Nathan mengurungkan niatnya yang hendak melangkah ke arah gadis itu karena melihat Langit mendekat dari arah lain. Gadis itu langsung berdiri dan mengemas barang-barangnya dengan bibirnya yang komat-kamit dan wajah juteknya. Tangan kiri Langit terangkat dan mendarat di kepala gadis itu lalu mengelus kepala Nara dan itu membuat darah Nathan mendidih.

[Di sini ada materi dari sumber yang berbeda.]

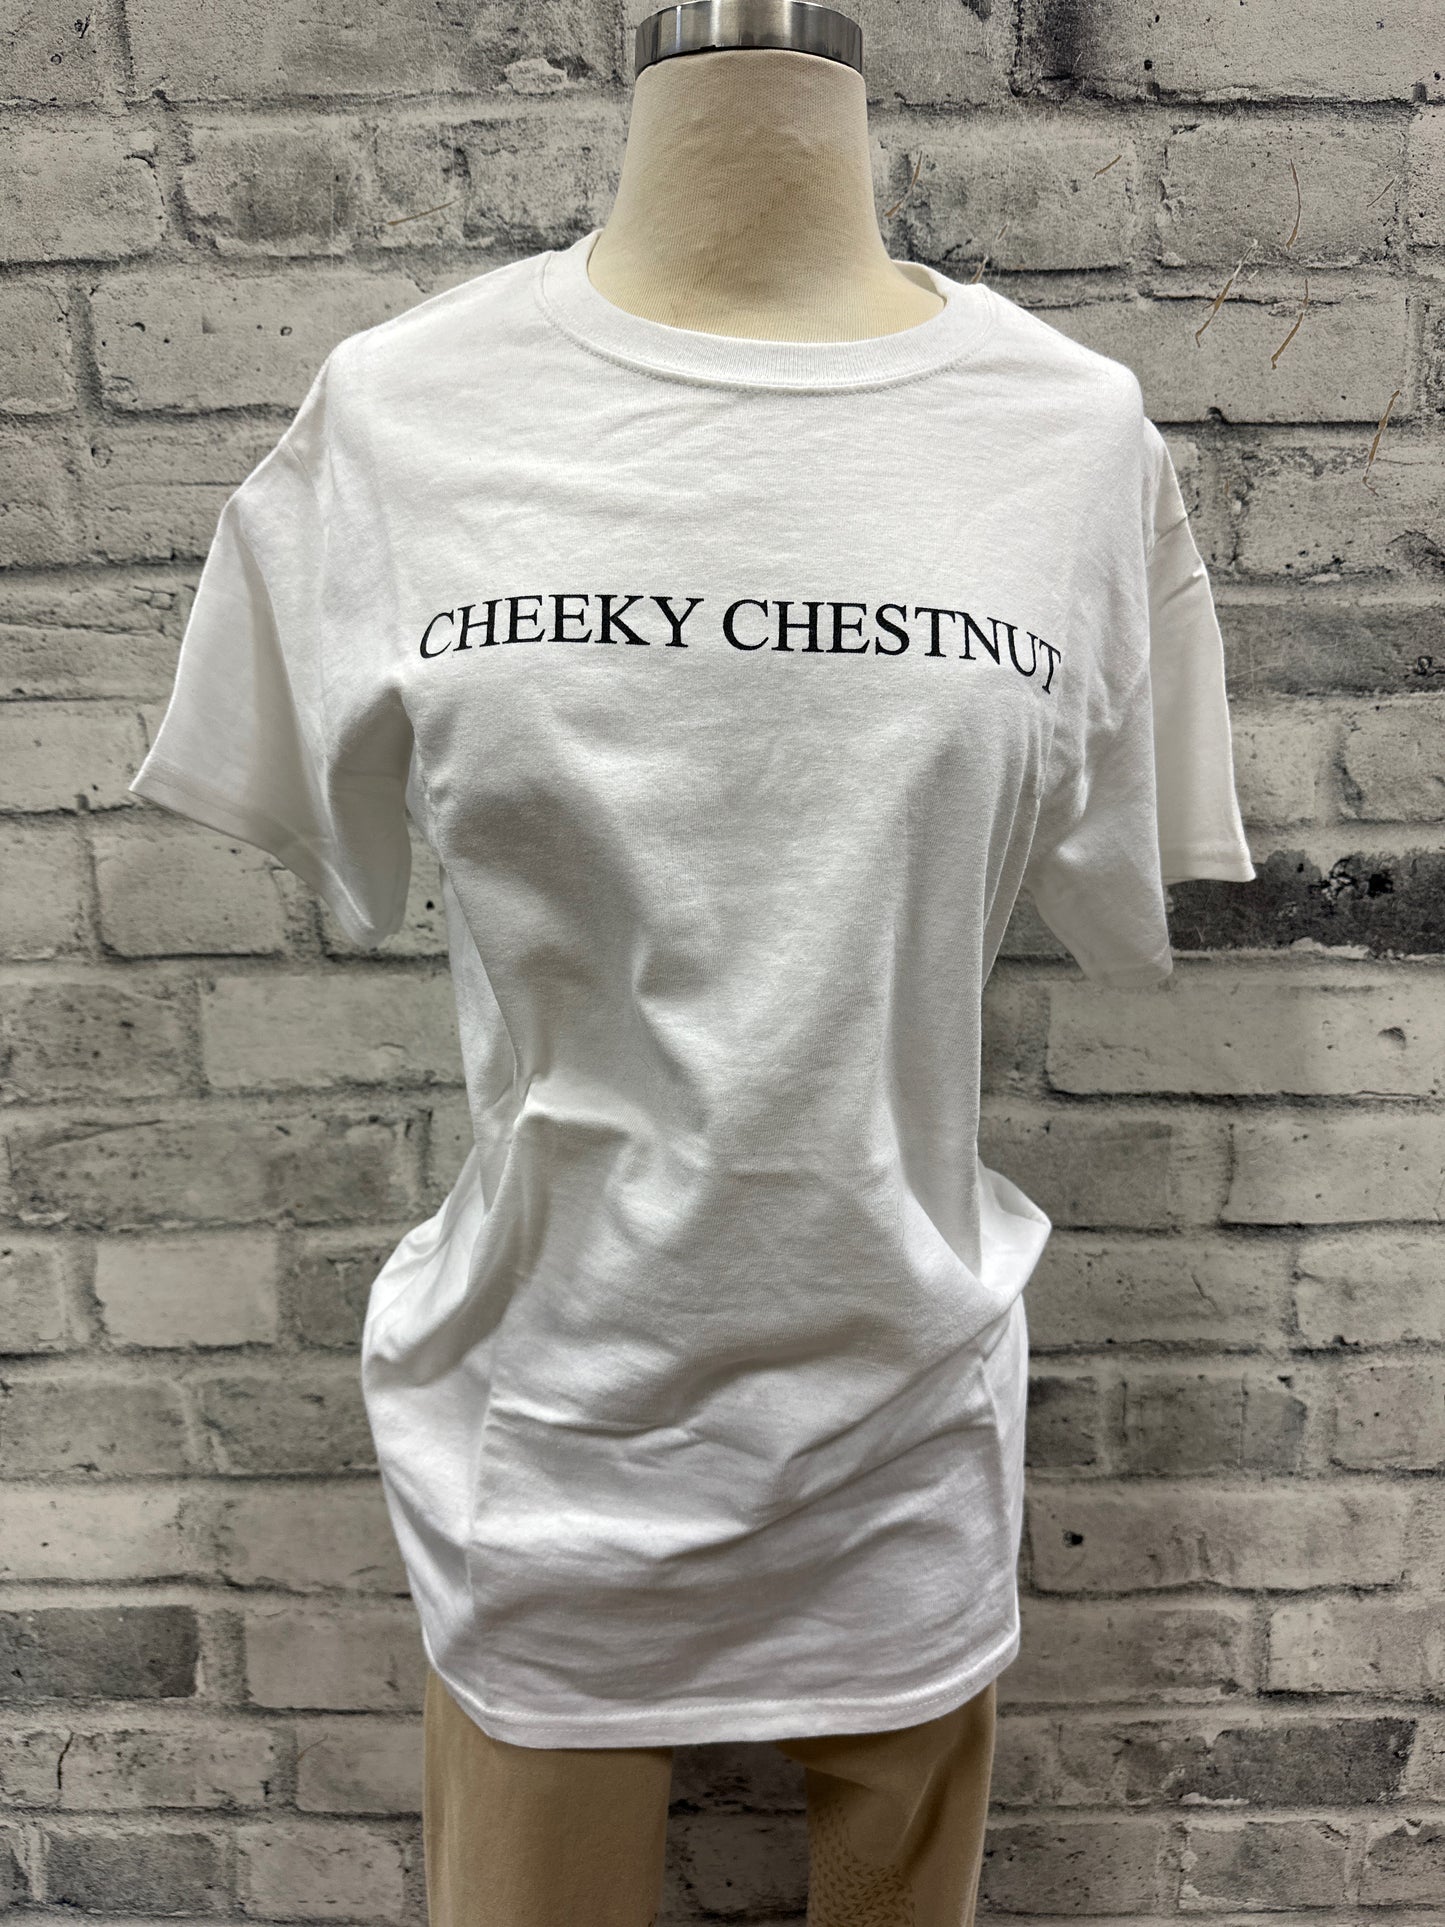 "Cheeky Chestnut" White/Black Unisex S

"Tidak ada seorang pun yang bisa mengelus kepalanya kecuali aku," gumam Nathan seraya bergegas, tangannya terkepal sudah gatal ingin mematahkan tangan yang singgah di kepala gadisnya.
"Peduli setan dengan semuanya itu, bahkan jika Langit tahu hubungan kami, aku tidak peduli lagi," ucap Nathan dengan gigi gemelatuk.
Belum satu langkah kakinya berpindah tempat, langsung berhenti kala melihat dari arah kiri seseorang yang sangat dia kenal datang dan langsung mencium pipi kiri dan kanan Langit. bergelayut
manja dan di balas Langit dengan ciuman mesra di bibir.
"...!!!" Nathan melongo melihat itu. Bukankah itu Delia?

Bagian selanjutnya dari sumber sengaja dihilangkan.